I am happy to report that decency lives.
It’s alive and well. It exists in many quarters and in many human beings. The particular example of decency worth citing here exists in an auction house that was set to put a firearm on the block for the highest bidder.
Then it took the firearm off the auction market.
It belongs to a fellow named George Zimmerman. You remember this guy, right? He shot a 17-year-old boy to death in February 2012. Trayvon Martin died from a gunshot fired by Zimmerman as the boy was walking through a Florida neighborhood.
Zimmerman claimed he acted in self-defense. A trial jury agreed with him, acquitting him of murder charges.
The case, though, became the source of international outrage.
Zimmerman has continued to find himself in the news. He got into some kind of beef with a girlfriend; it involved assault and, yes, a gun was involved in the altercation.
He’s acted like a dirt bag since being acquitted.

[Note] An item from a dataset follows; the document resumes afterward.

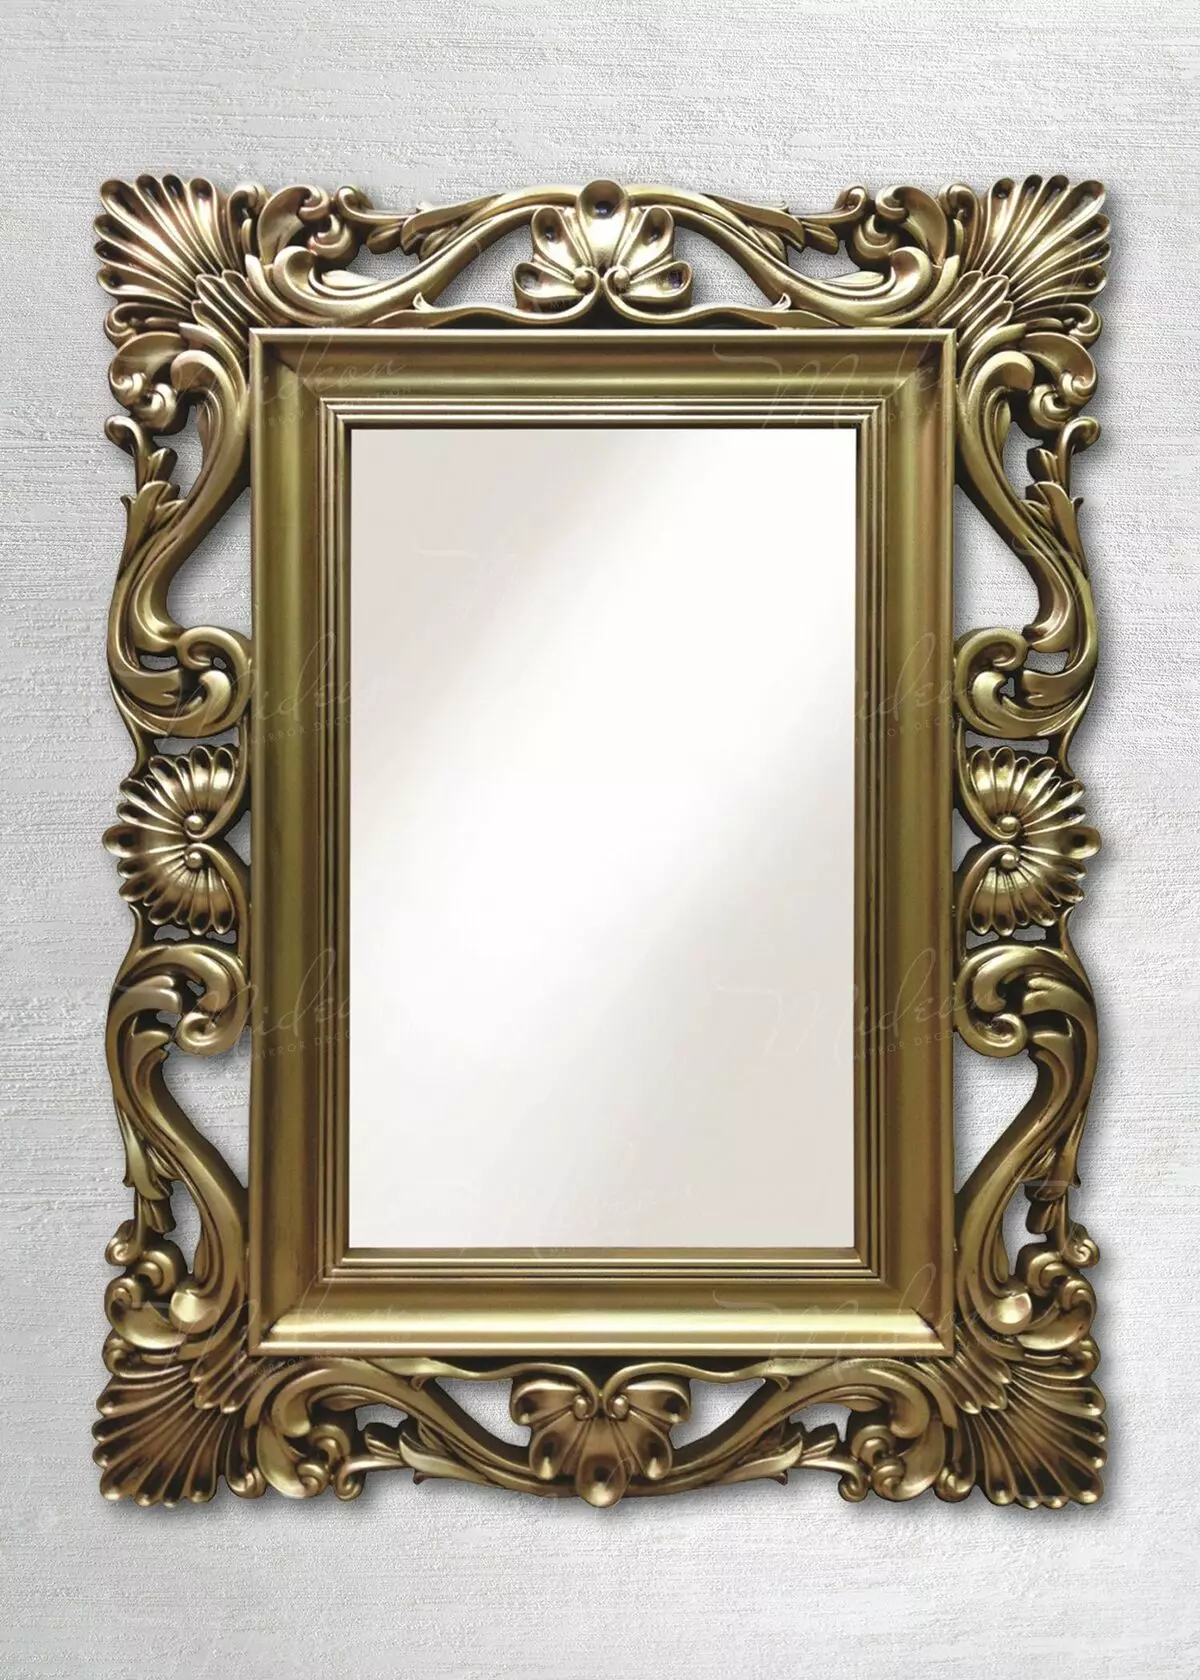 9 zapanjujuće unutarnje ogledala

Now he wants to sell the gun, presuming — I reckon — that he’ll get big bucks for the notorious pistol.
It was a disgusting notion that he’d put the gun on the auction block.
It was equally gratifying to hear that the auction house decided to pull the gun down, take it off the market and presumably give it back to Zimmerman.
Zimmerman told a Florida radio station, “I’m a free American, and I can do what I’d like with my possessions.” Sure you are, George. You also are a public figure and your every move is now subject to public scrutiny.
That’s the price one pays in a free society for one’s actions, for better or worse.
Other “free Americans” are able to decide whether they support those actions. An auction house has chosen to do the right thing.